After an inspection, inspectors could issue orders requiring employers to rectify safety violations within a specific timeframe. The Labor Law may allow for fines for non-compliance, but how consistently these are applied is unknown. In cases of extreme or repeated violations, authorities may have the power to order temporary or permanent workplace closures.

Key Limitations

The outlined procedures represent an idealized scenario. In practice, the Afghan government's capacity to conduct widespread and effective workplace inspections for compliance is severely limited by security concerns, lack of resources, and the large informal sector.

Workplace accidents

Employers in Afghanistan, as per the Labor Law of 2007, are required to report serious workplace accidents and injuries to the relevant authorities, which is likely the Ministry of Labor and Social Affairs. Injured workers or their representatives also have the right to report accidents directly to authorities if the employer fails to do so.

Investigation Processes

Afghanistan likely has limited resources for comprehensive workplace accident investigations. In practice, investigations might only occur in cases of severe injury, fatality, or if there's a formal complaint.

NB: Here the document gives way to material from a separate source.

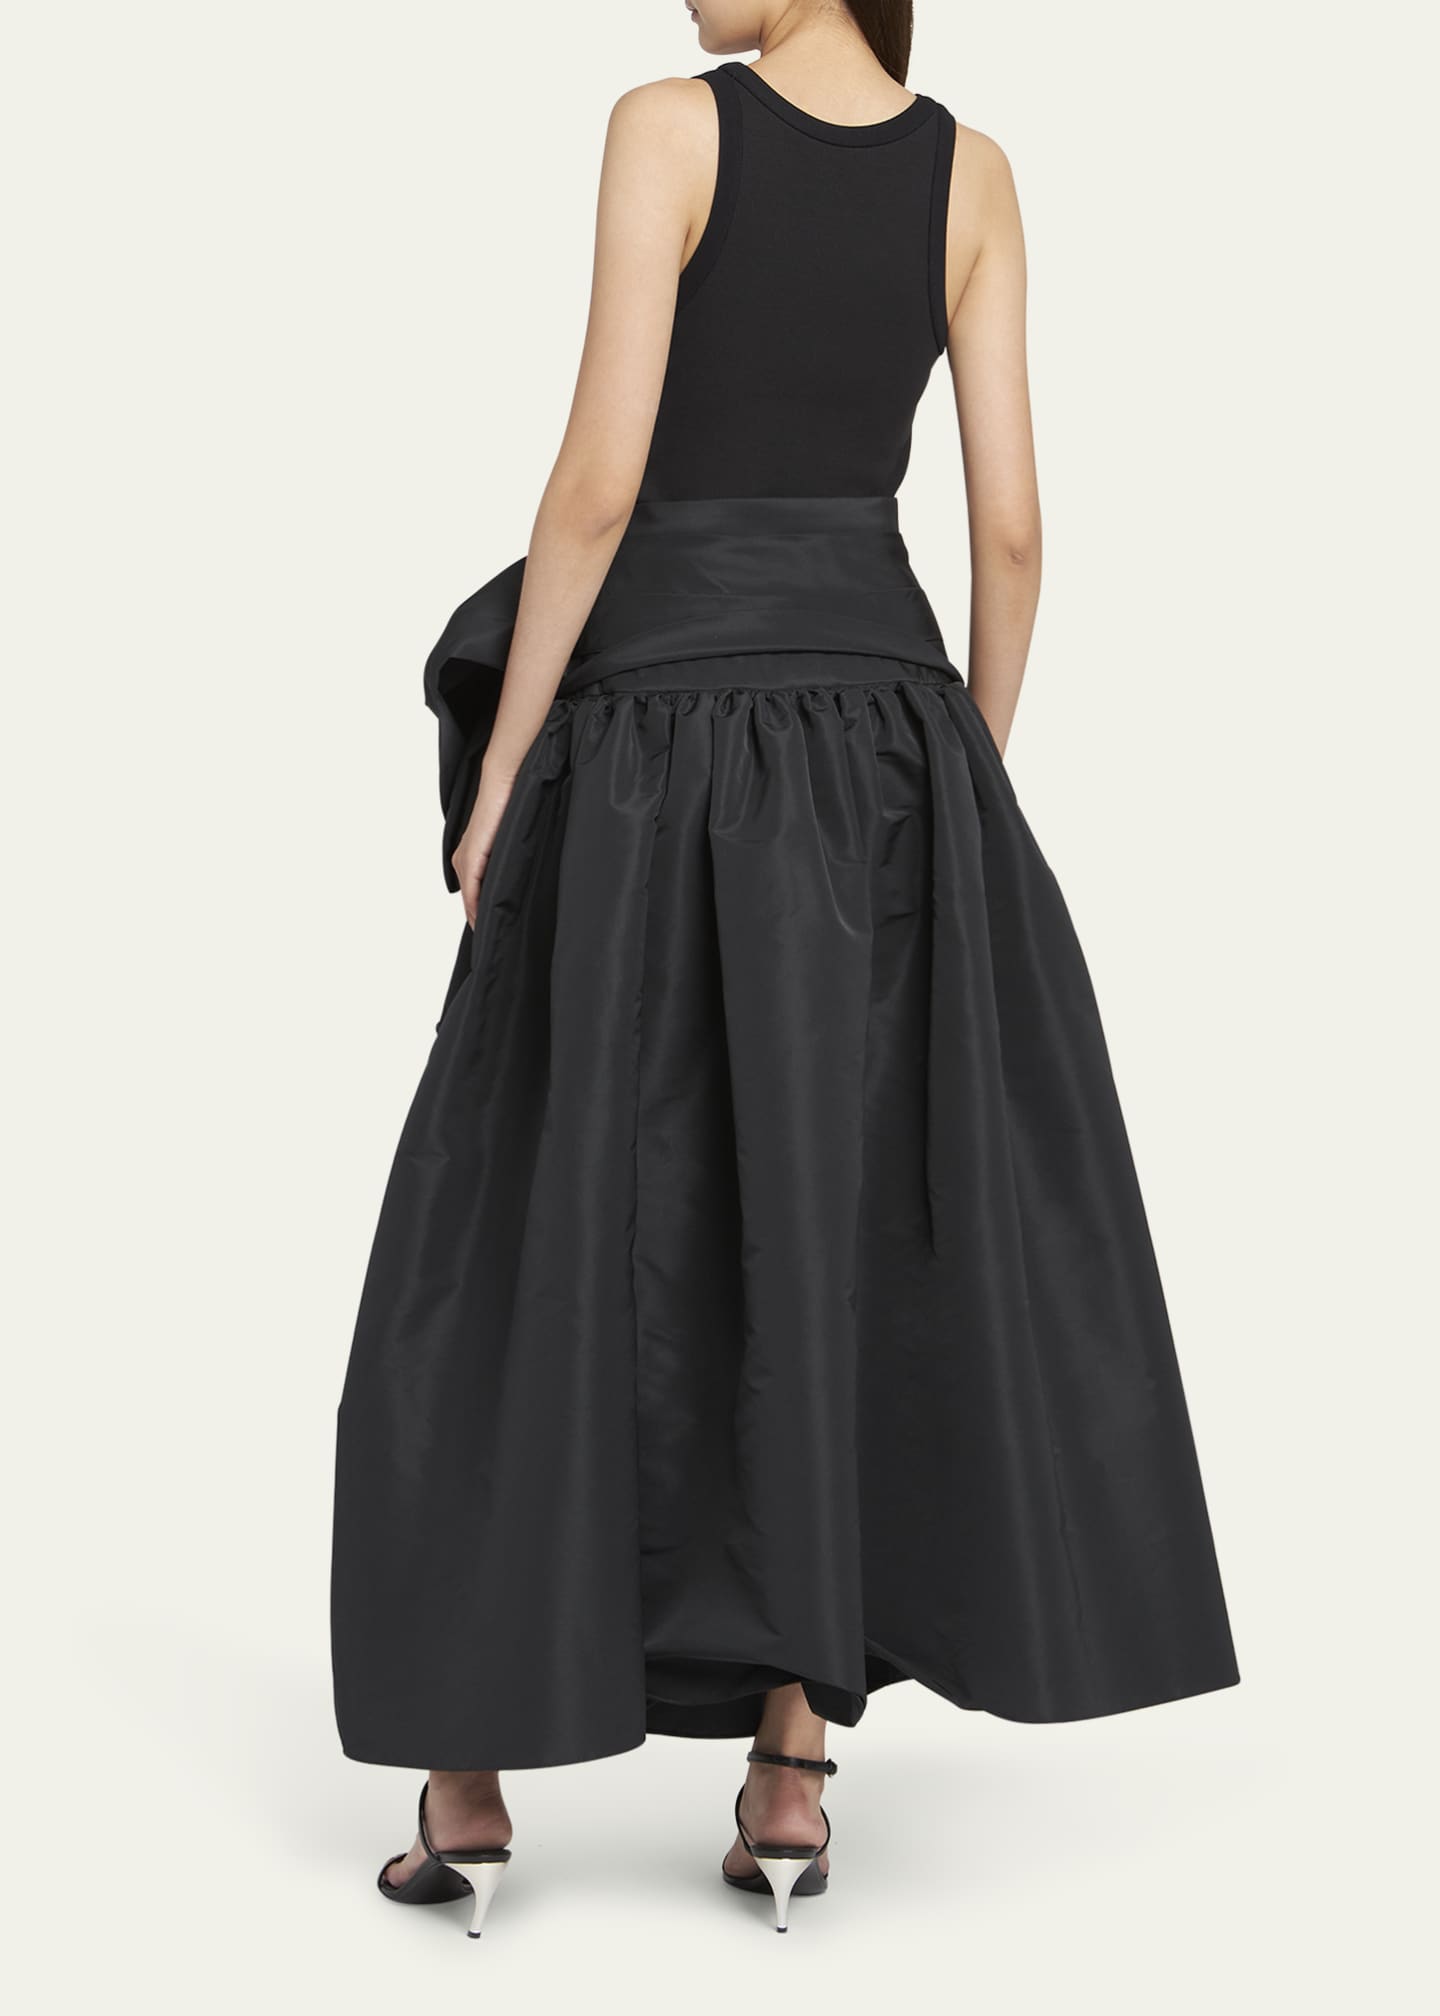 Alexander McQueen Ruched Full Skirt Gown with Bow Detail - Bergdorf Goodman

Potential investigators could include government labor inspectors, law enforcement (in cases of potential negligence or criminality), and representatives of trade unions (where they exist).

Compensation Claims

The Labor Law of Afghanistan (2007) outlines the basic right of workers to receive compensation for workplace injuries or occupational illnesses. This includes medical expenses, payments for temporary or permanent disability, and compensation to the family in case of a worker's death. However, there are challenges to compensation. Workers in informal sectors are unlikely to be covered. Workers may find it difficult to provide evidence linking their injury or illness directly to their workplace. Even if compensation is awarded, consistent enforcement of payment by employers may be problematic.

Additional Considerations

Employers may be required to have some form of workplace accident insurance, though the extent to which this is mandated and enforced is unclear. Workplaces should have basic first aid provisions, but in Afghanistan, this is likely inconsistent. The Labor Law mandates the keeping of workplace accident records, which can help with claims, but enforcement is likely very weak.